▸ **Available records**
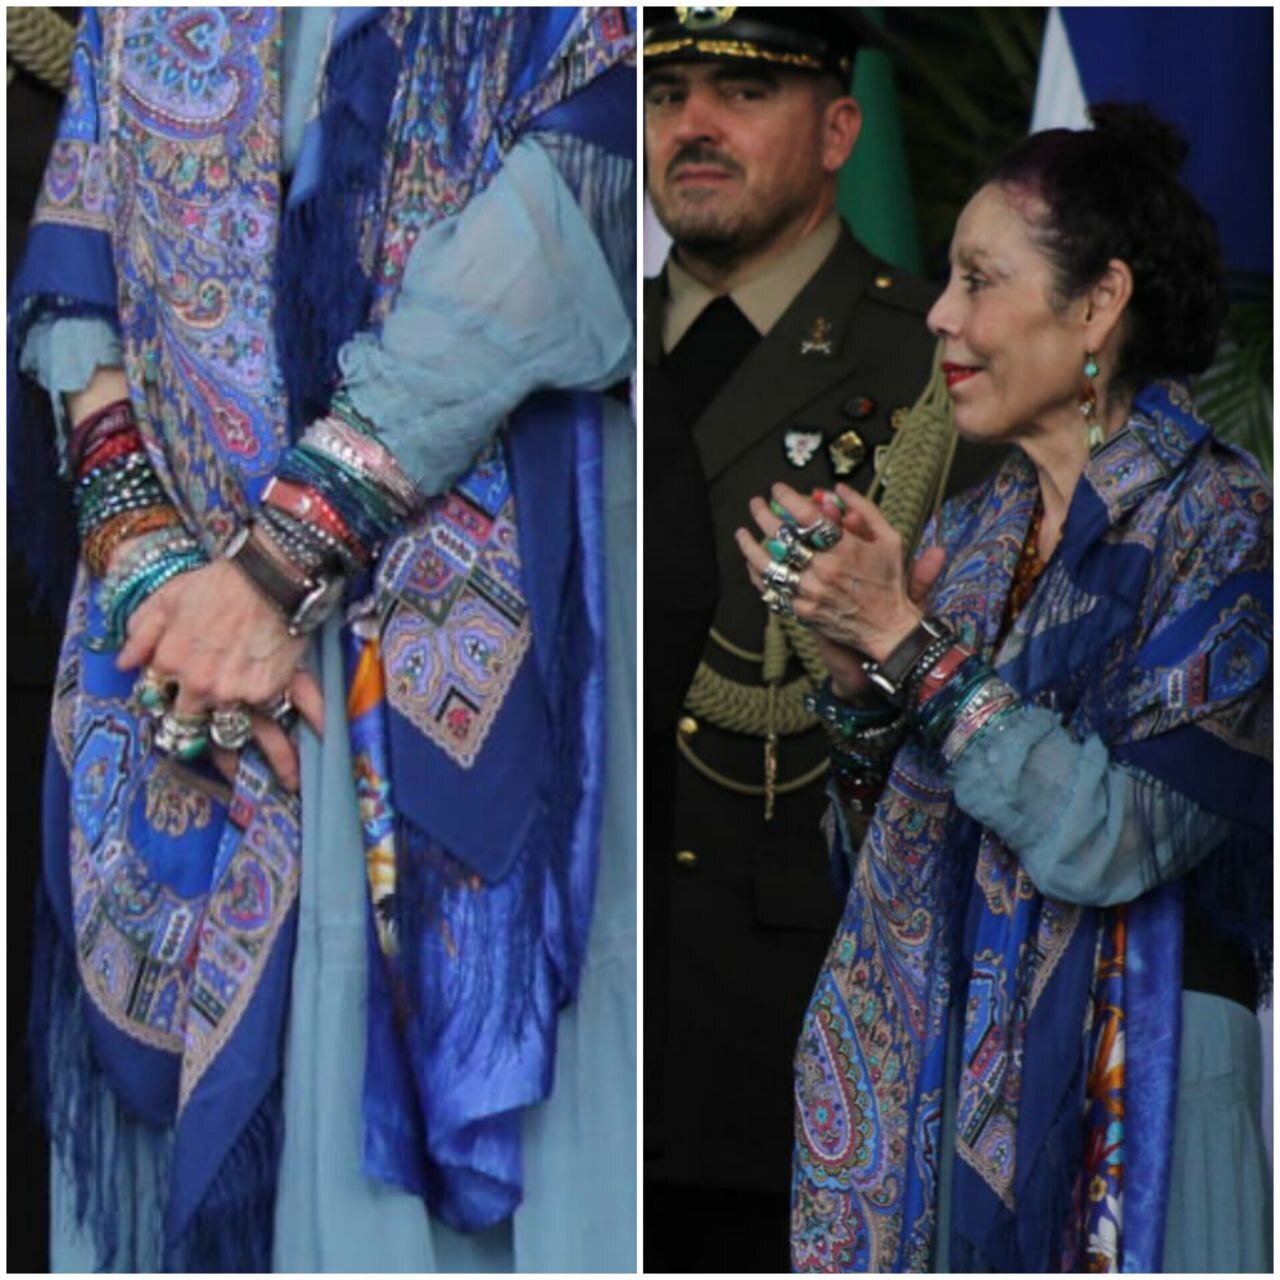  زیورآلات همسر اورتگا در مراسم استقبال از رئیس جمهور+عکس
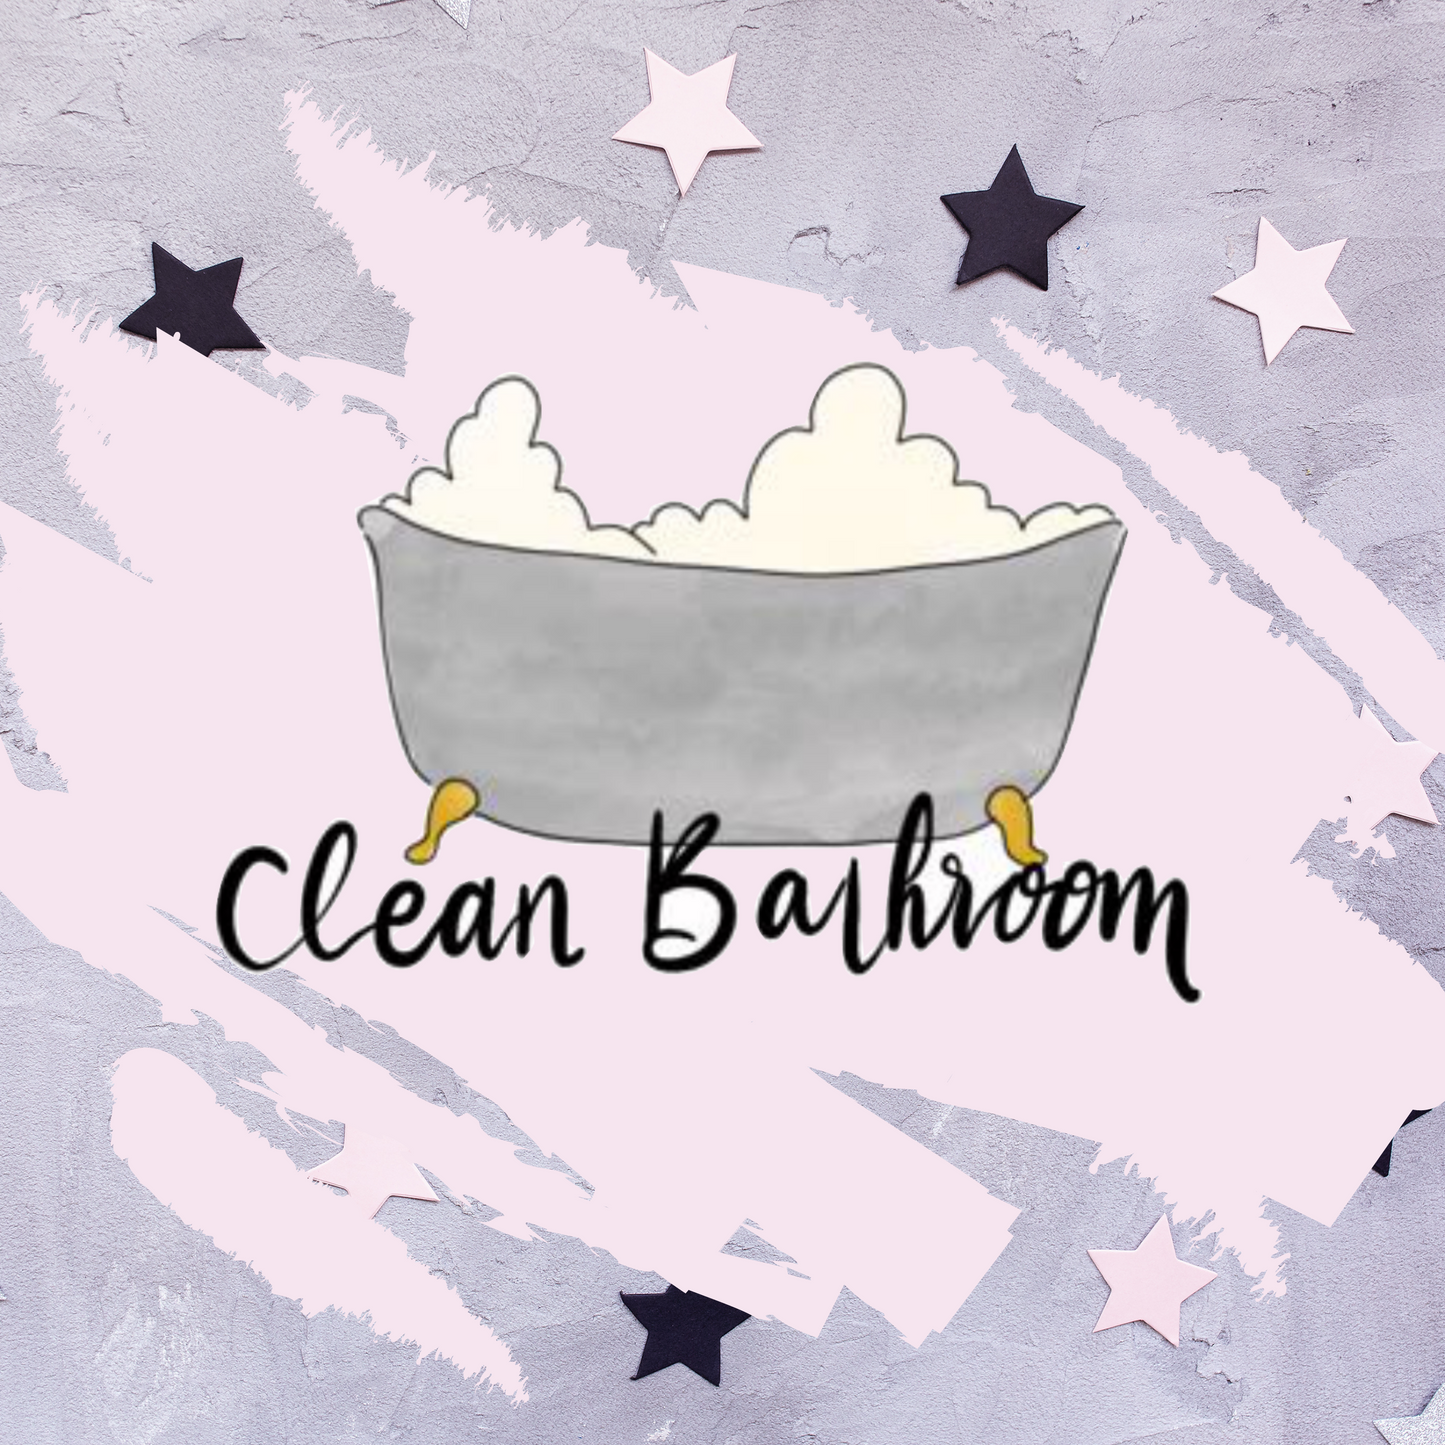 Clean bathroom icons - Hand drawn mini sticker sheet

...

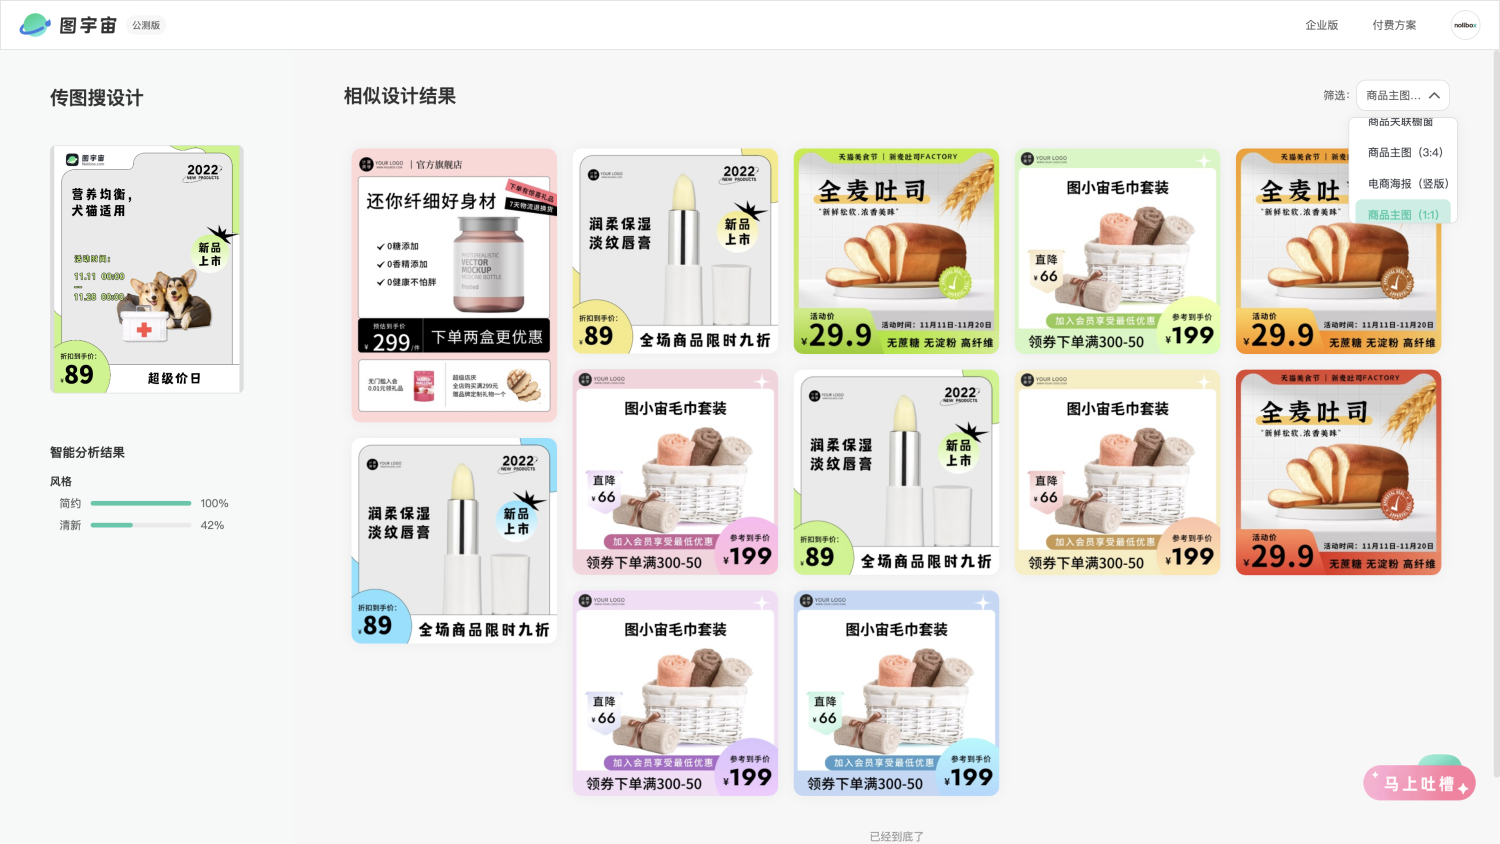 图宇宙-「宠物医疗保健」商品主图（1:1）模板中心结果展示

▸ **What is being asked**
Return exactly the lines that appear in the data above between the line containing "زیورآلات همسر اورتگا" and the line containing "Clean bathroom icons", both of which are included, and leave the pictures out.

▸ **Response**
  زیورآلات همسر اورتگا در مراسم استقبال از رئیس جمهور+عکس
 Clean bathroom icons - Hand drawn mini sticker sheet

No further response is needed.